I am thrilled to have my husband as an influence on my son, and think it will do him good. But, I did not introduce them until I was engaged (a year and a half before we married). I didn't want him to meet and get attached and feel rejected (like I had during childhood too many times to count). I know traditional dating would have gone out the window with that, but, my husband (not all Londoners are pigs! ) and I had worked with one another online for years and grew most of our relationship that way, and via the telephone after the little one went to bed. It worked for us.
I feel I'm babbling now, so I'll stop. It's obvious that single Moms are NOT alone out there... oh yeah, and we always feel guilty about something, but, comfort ourselves that we're doing the best we can for our little angels.
great to hear someones found a decent man
we are not ripping our kids off, our kids have the absolutel best ie, loving, doting parents. even if that parent is singular.

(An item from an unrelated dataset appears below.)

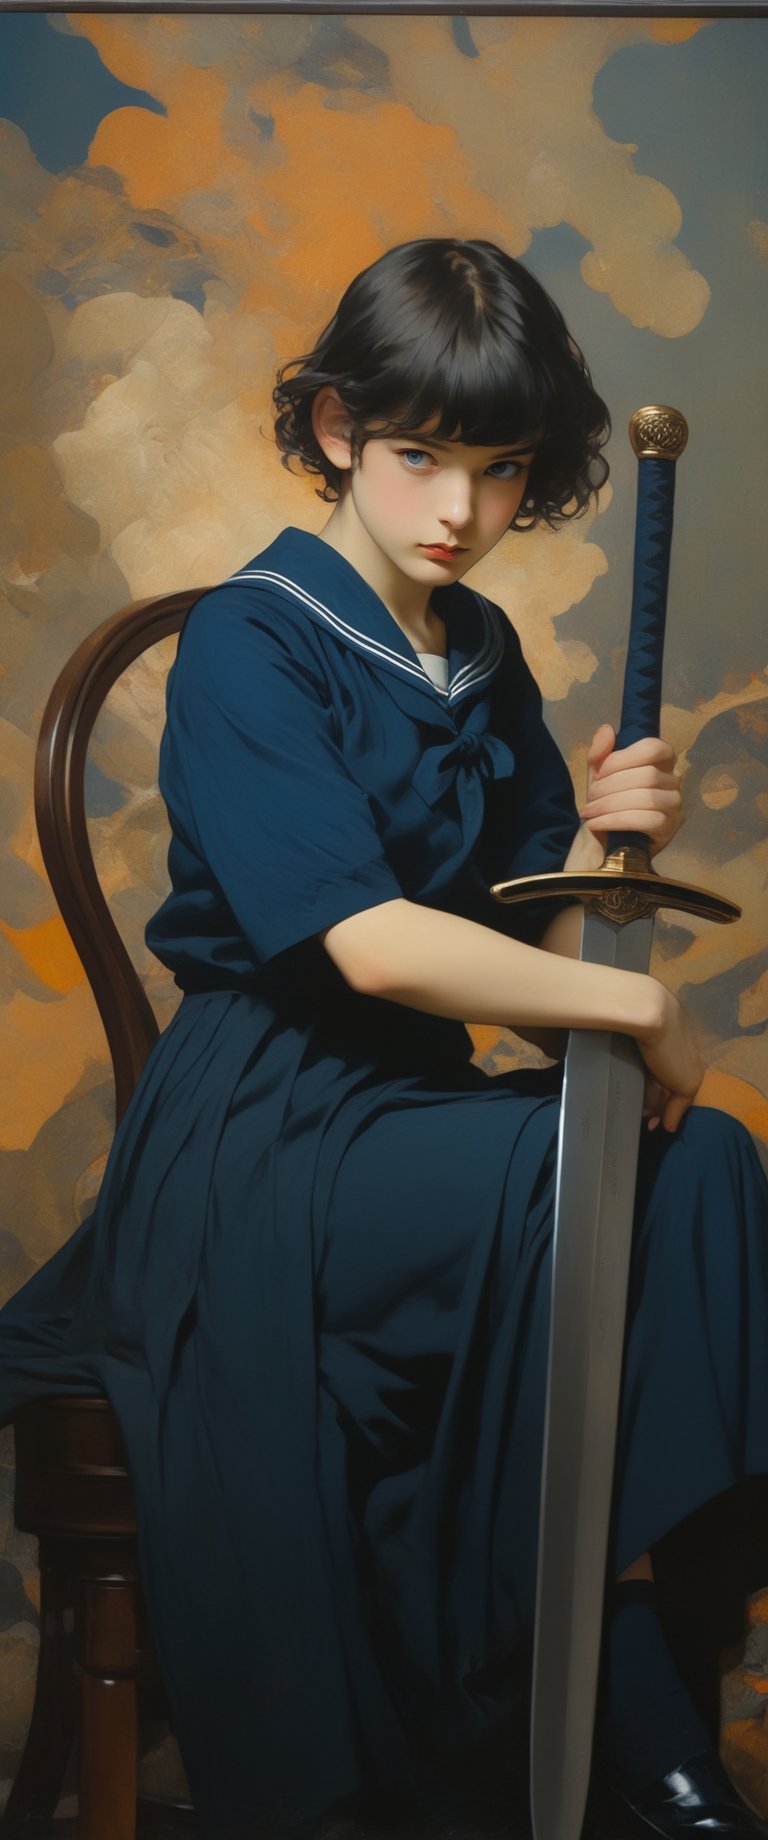 dark blue sailor school uniform, sitting in a chair holding a sword, short hair, masterpiece, absurdes, chiarosaurio, mucha, sexy pose, tense athmosfere, detailed background,

i know i grew up in a traditional mom.dad.dog.cat environment and it was so cold and abusive.
i have the power to create the life i want for my kids, and that life is good, healthy happy and full. they have the father in the background but make no mistake, these are my kids, and they are much better off for it.
I am their world and they are mine. which is the way it should be. granted, they are a little spoiled, and sometimes i think, whos spoiling me (no one), but on the other hand i am tuning into my spirituality and self love in a way i never would have, as part of couple. my kids are the greatest blessing i have.
Hi all. thanks so much for your replies. my daughter's father showed up late, stayed for 3 hrs (she was napping for one of them) and will probably come back in another four months after no contact during that time. It's hard to let go of all of the pent up anger i have against him, but i know that i have to -- not only for my daughter's sake but for my own. It's still quite painful. For only three hours, you wouldnt think i would be so exhausted!! Luckily, i could afford to have a sitter for a few hours today so i could take a long hot shower and a nap to get over it -- until the next time.. and hope i do better the next time and it hurts just a little bit less... thanks for all of your support!!
brammy do you have any formal child care arrangements?
I didnt have any family around when my kids were little but quickly discovered that good quality caring child care is an absolute necessity when youre doing it alone.
I loved your posts, keep comin back all of you! i sort of feel like ive been there and can help you with advice, however would love to also hear from parents of teenagers....my daughter is now 14 and my son is 11 on the weekend.....
it was much easier when they couldnt walk or talk!